И все это было бы еще ничего, пока Хрущев не вызвал на ковер Маргариту Алигер. Она подошла к торцу стола, маленькая, худенькая, беспомощная. И тут Хрущев обрушился на нее со всем пылом разъярившегося пьяного мужика. Он орал, что она враг. Когда же Алигер робко возразила, что какой же она враг, Хрущев тут же завопил, что она и не может быть никаким врагом, какой-то бугорок, на который он плюнул, растер и нет его. Тут Алигер разрыдалась, и к ней подскочили с одной стороны Симонов, а с другой не помню кто и бережно повели ее на место. Про реакцию слушателей хорошо помню две вещи: Маршак уехал на кресле (почему-то он сидел на кресле с большими колесами) далеко, на берег пруда, куда никто не осмеливался даже посмотреть. Он был вторым, кроме Шагинян. Он не боялся. А у сидевшего напротив меня Эммануила Казакевича текла по щеке слеза. Он ее не вытирал. Воцарилось гробовое молчание. И тут, слава Богу, выяснилось, что шеф, заговорившись, опаздывает на поезд в Ленинград, куда отправлялся в тот же вечер. Его подхватили под белы рученьки и поволокли с банкета во внутренние покои, чтобы, наверное, переодеть и посадить на поезд. Гостям никто не сказал «до свиданья».
Стемнело. В тяжелом молчании все брели к своим машинам. И все без исключения были совершенно твердо уверены в том, что на следующий день и Алигер, и Дудинцев, а может быть, и другие будут арестованы. Никто вслух не высказывал этих предположений, но все было ясно и без слов. Молча возвращались мы домой вместе с Михаилом Ивановичем, Ольгой Лаврентьевной Чулаки и Витей. По пути каждый думал об одном и том же.
На другой день я пришла в университет.

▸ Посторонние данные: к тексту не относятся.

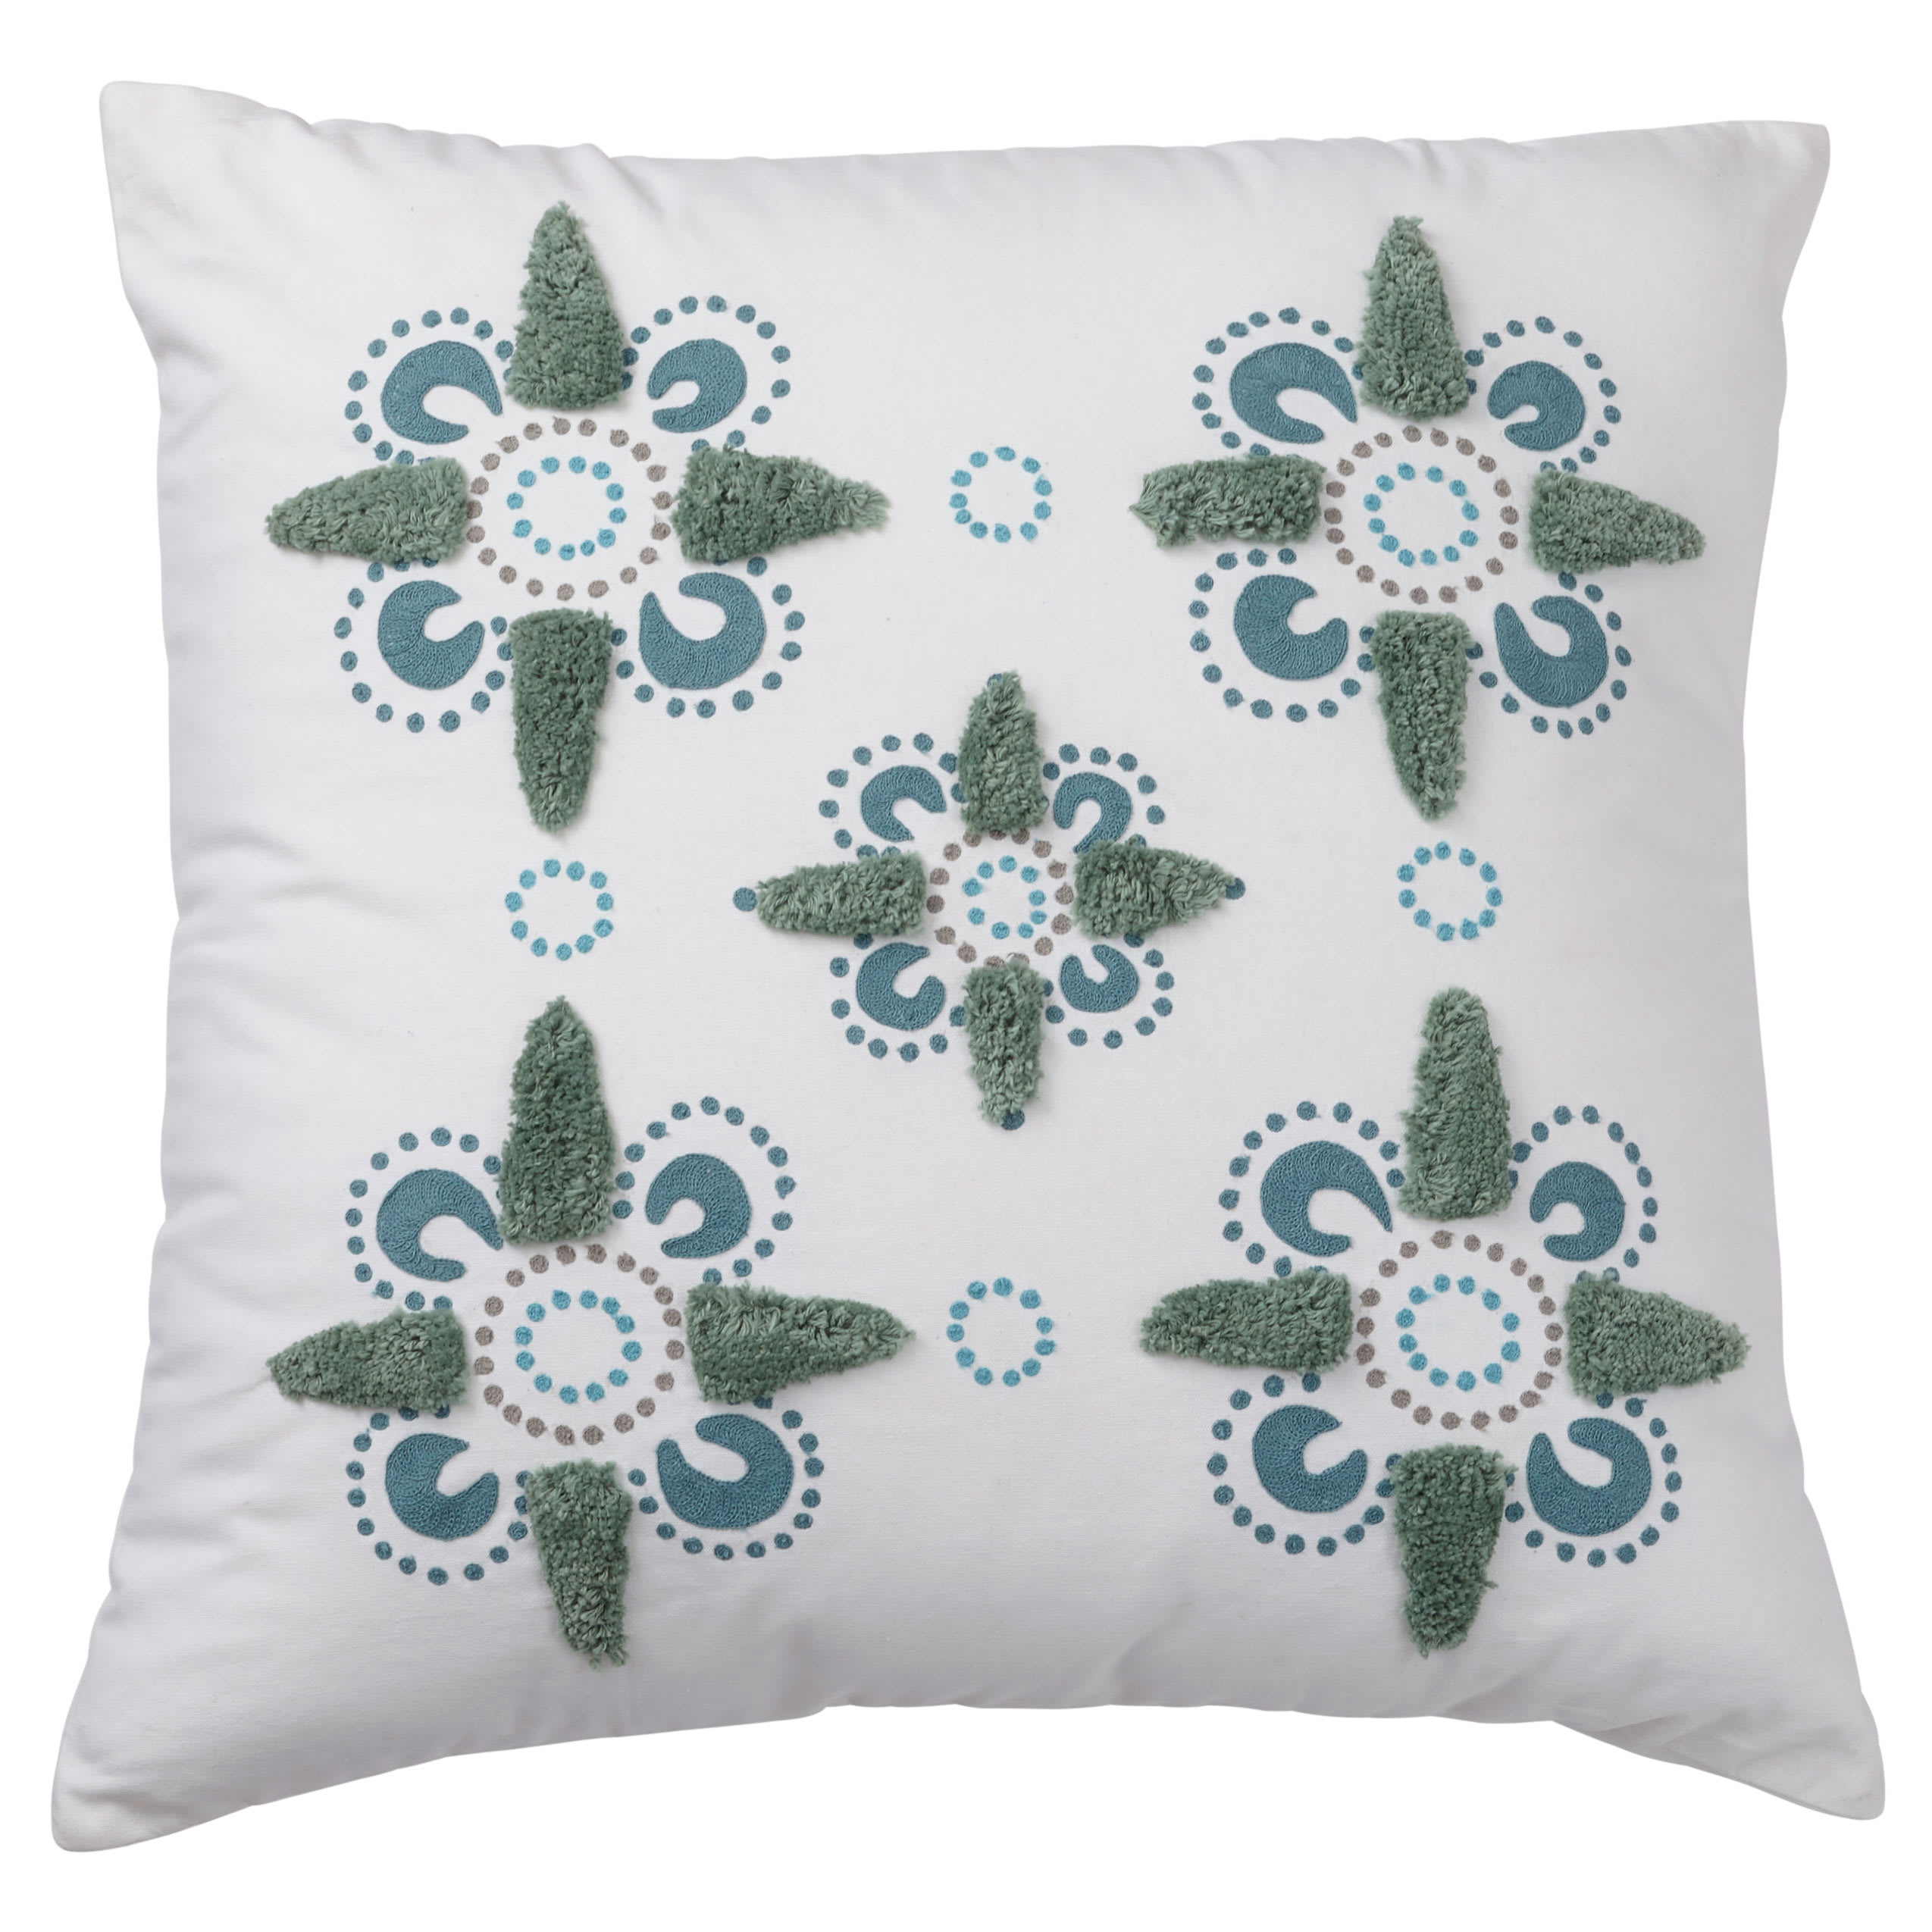 Cstudio Home Whistler Decorative Pillow Cover - Floral
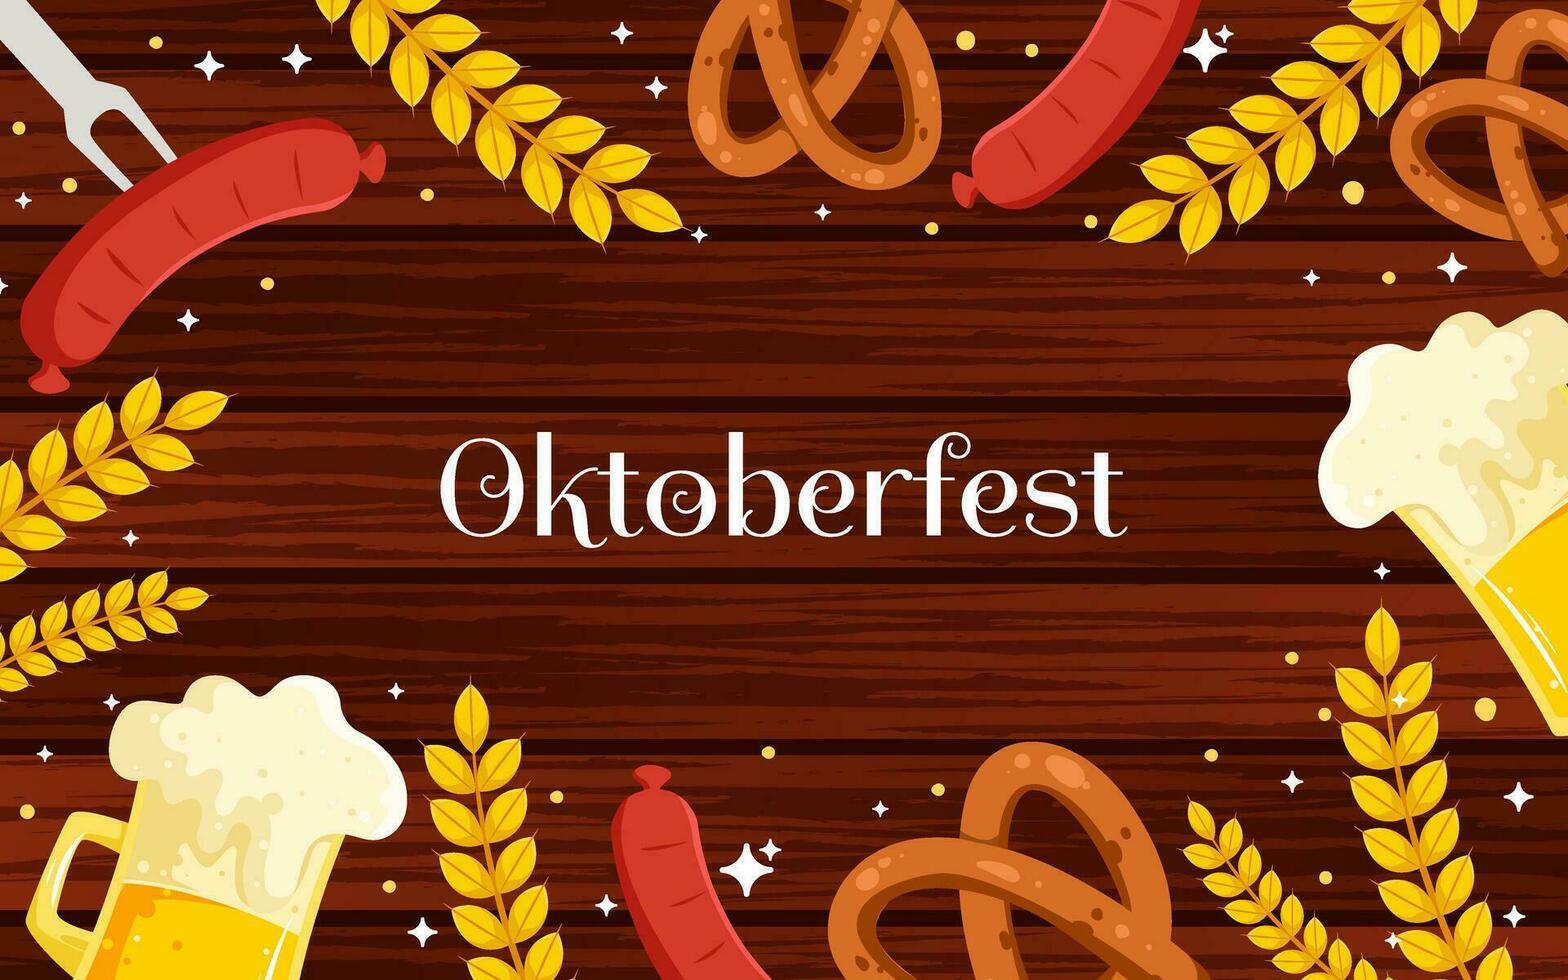 oktoberfeest festival element achtergrond vector

На семинаре по диалектическому материализму наш преподаватель, замечательный, умница, попросил меня рассказать о приеме, на который я попала. Я глухо рассказала обо всем, что видела и слышала.
Шли дни. Недели, месяцы. Никого не арестовывали. И тогда я поняла, что жизнь в самом существенном действительно изменилась. Людей больше не сажали и не убивали.
Мы с мамой не обсуждали действа, при котором присутствовали. Только вместе просматривали газеты на предмет сообщения об арестах. Мама бывала в Кремле и на других встречах с интеллигенцией. Одна фотография выразительно запечатлела скептическое выражение ее лица и позу во время одного из них.